4 Incidentally, Al Gore, who aided Tipper’s
mania by holding a chilling-effect congressional hearing on rock censorship, is
now organizing a gigantic environmentalist pop concert. Perhaps the couple can
take the stage, preferably while wearing sparking sawblade
codpieces, to apologize to bands such as Metallica and the Dead Kennedys that
Tipper’s book excoriated despite (or because of) their expressing exactly her
politics, except with more anger, intelligence and in many ways effectiveness.
5 I have long wished to send a library
computer punch card to a dead-media expert with a challenge of “Hack this!”
This wish dates to the discovery of one such card after a friend and I scammed
our way into a college library in a fruitless, and inexplicable, attempt to
find a yearbook photo of Steve Albini.
6 The surprise of the bookmarks and their
unexpected connection to my romantic quest are typical of libraries, the sort
of spontaneous joy that is now delivered at warp speed by Web hyperlinks. There
was another example: In my shelf-pluckings, I came
across a book by Isak Dinesen, who I’d never heard of
before (despite her famous movie-adapted novels), and thought I should read it.
I then was flipping through a book of ghost stories and found underlined
passages; the story was by Dinesen. Then I later grabbed a book either by or
about Dinesen in the literary criticism section. “Browsing” is a word that has
been seized by the Internet, but the pleasures of the analog version should not
be forgotten. (“84 Charing” itself contained a
reference that was an interesting coincidence with my life; a bizarre allusion
to the painter Giuseppe Arcimboldo, who I had
researched a month earlier.)
It was fruitful to bring such a pointless frame of
reference to book-examining. Very little of my madness refined into method,
beyond my learning that the crappiest-looking copies of older books seemed to
be the best graffiti terrain.
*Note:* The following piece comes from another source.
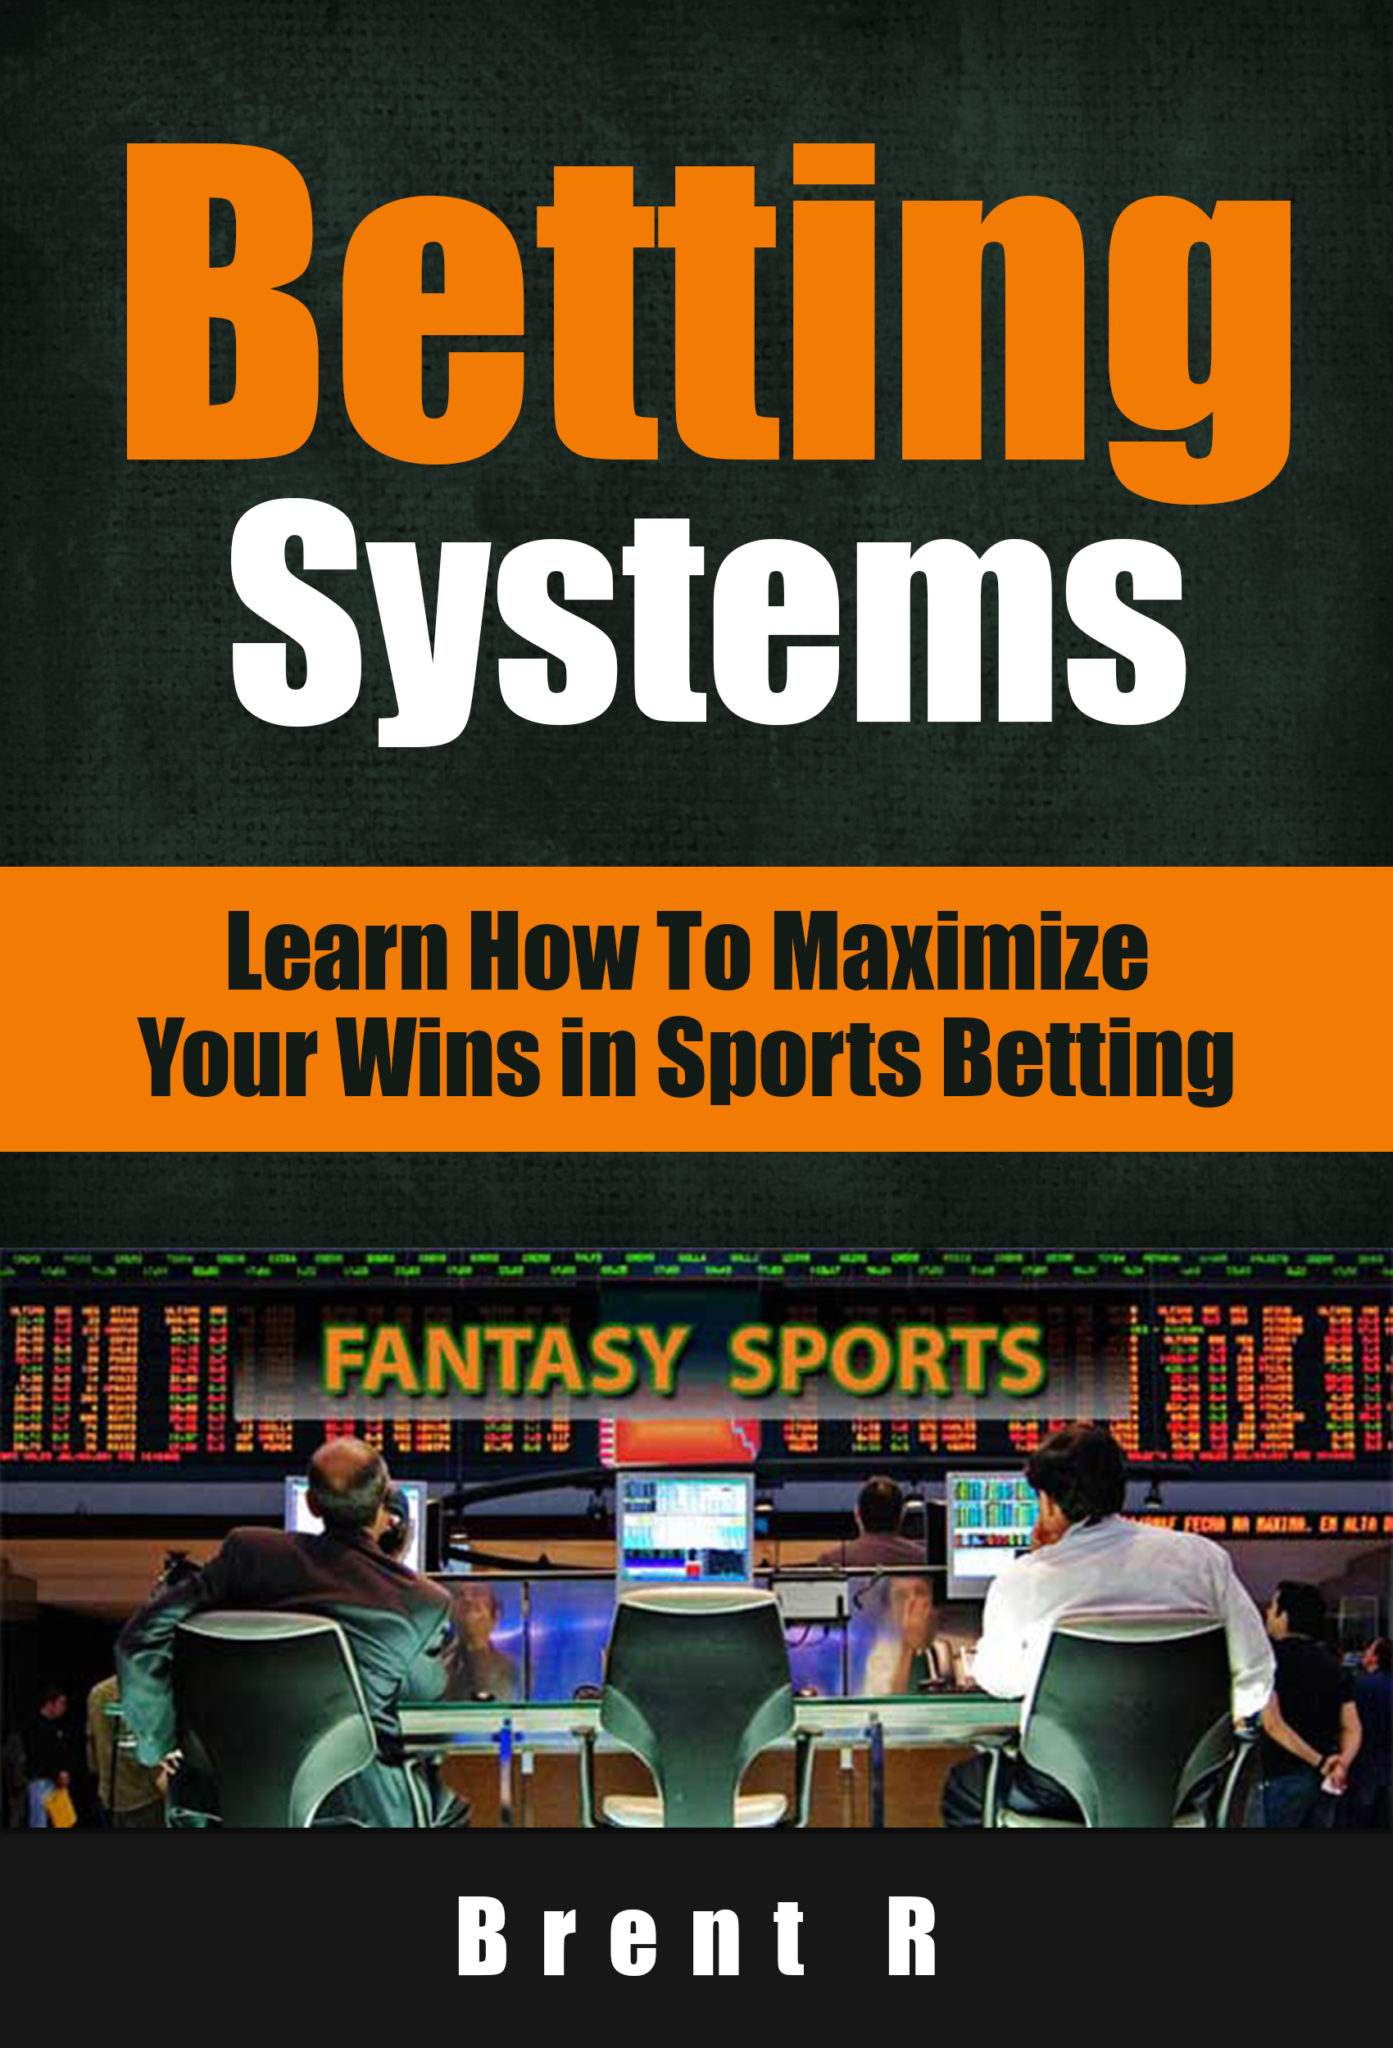 FREE: Betting Systems: Learn How to Maximize your Wins in Sports Betting by Brent R

Other than that, I merely eyeballed for curves or
colors, regularly fooled by oval or scrolled chapter headings and the like.
Investigating books, like reading books, is about briefly adopting a particular
point of view; in this case, the field of vision was so broad, I was able to
leisurely observe many tangential details, such as my love for cheesy genre
stickers, like the big question mark for mysteries, on the spines of library
books.
7 I didn’t archive that, nor
another one of those John Dishwasher
ads I found in a copy of “The Dubliners.”